For years after I would willfully misconstrue catcalling and street harassment from black men as a sort of code speak for black validation and kinship. After college, when I moved to Boston, I used to walk past this one black barbershop in the South End on the way to my internship at the film and television company Blackside Productions. The men who cut heads there would stand out front during down time, button-up shirts and clean sneakers, smoking Newports, occasionally pushing the shoulder of another, playing around trying to start something. As soon as they saw me coming their focus shifted from each other to me; their postures suddenly loose, aggressive, haughty. And then the comments would start to fly.

I was embarrassed at first, then thrilled, then finally smitten, and ended up dating the crew’s ringleader for several months. The whole time we were together he was verbally abusive, dismissive, demanding, and on occasion, used a little too much physical force when trying to make a point. Essentially, he was exactly who he was in front of that barbershop when I walked by every day, but had refused to recognize.

He and his friends had said the same kinds of things to me that prompted Feminista Jones to start the hashtag #YouOKSis?: “When can I hit that?” and “You look thick, girl.” “Hey sexy!” These were comments that were slowly chipping away at my self-esteem, rather than lifting me up in the kindred admiration of black men. In truth, I was not OK, Sis. Because as a woman, I knew better, but as a black woman who had spent my entire early life longing for the company of black people, I didn’t care. I was willing to make that sacrifice.

I understand why the #YouOKSis? hashtag might feel like an attack to some black men—but I also know that when I was indulging sexist behavior, it was because I wanted to give those black men the benefit of the doubt. I wanted them, specifically my boyfriend, to be better, do better. And he didn’t step up. In not calling him out, I was actually doing both him and myself a disservice. It’s not and never OK to make a woman feel unsafe, sexualized, objectified and/or intimidated in public.

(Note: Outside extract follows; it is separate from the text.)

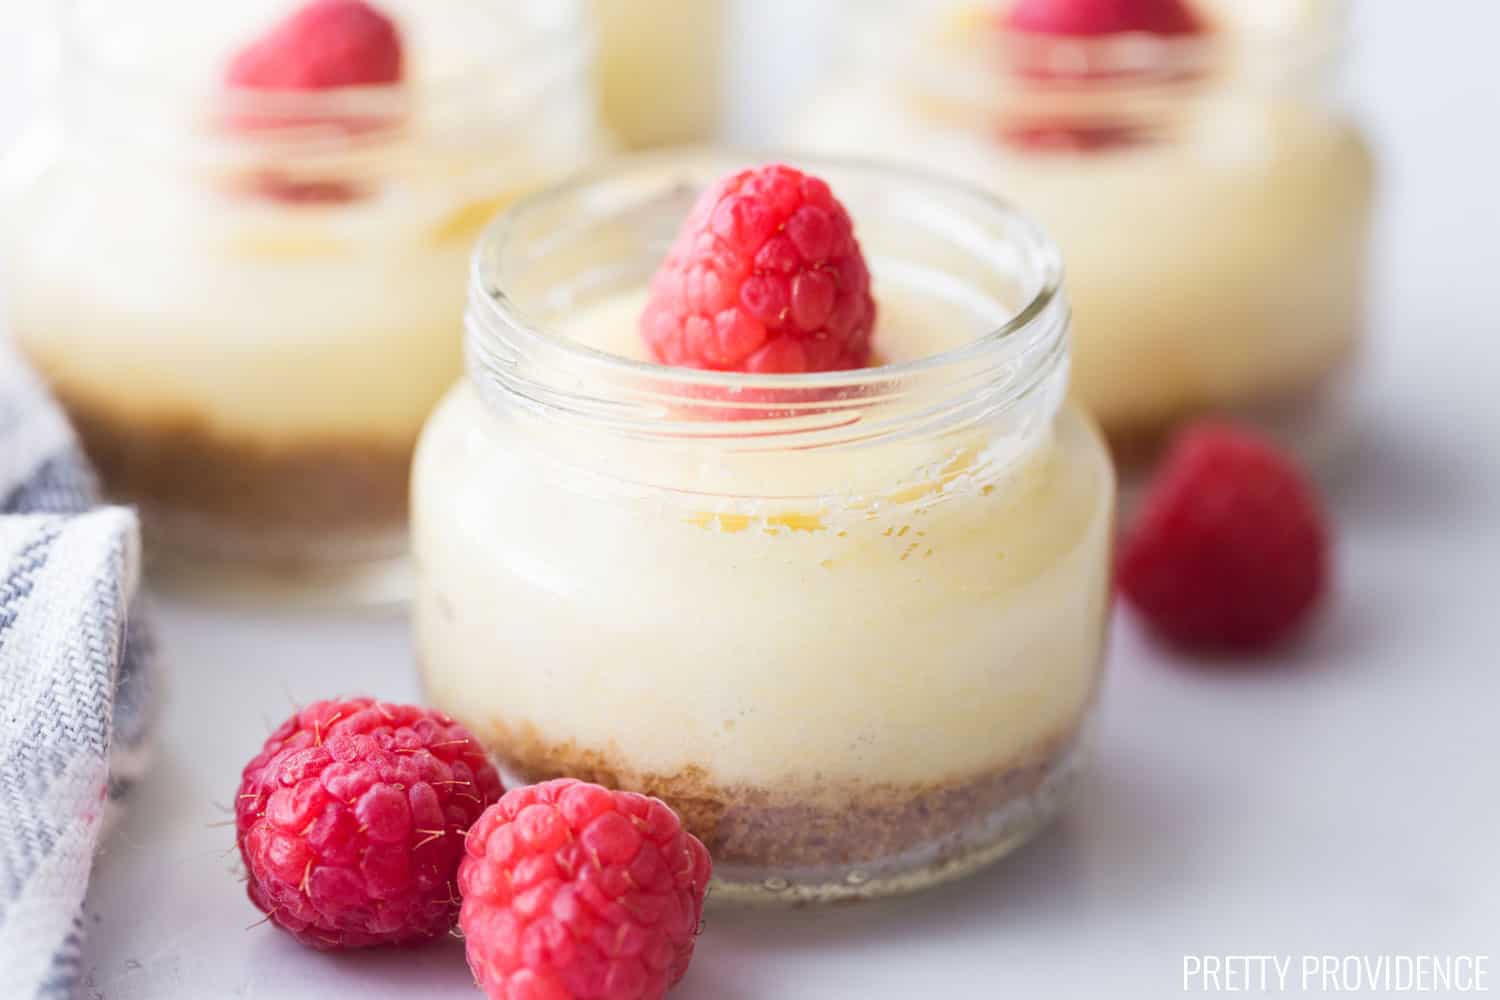 Mini Cheesecakes in jars with raspberries on top.

Whether for women like me, who were at one time or are now unwilling to recognize the mutual harm as the result of street harassment out of a compromised sense of cultural loyalty, or women who, like “Chloe” and hundreds of other women in the thread tweeted, street harassment had become so inevitable, it didn’t even occur that it was something to be dealt with—if #YouOKSis is helping to shift the perspective, I’m here for it. And yes, it matters. If white women feel excluded, I can’t help you—your individual or group feelings about issues that affect us all is not my work to do. And if black men feel attacked because of it, I love you, but get grown.

The bodies of black women have long been devalued, ostracized, utilized, stolen in this society. I think the point is we will let you know whether or when we want your appraisal moving forward.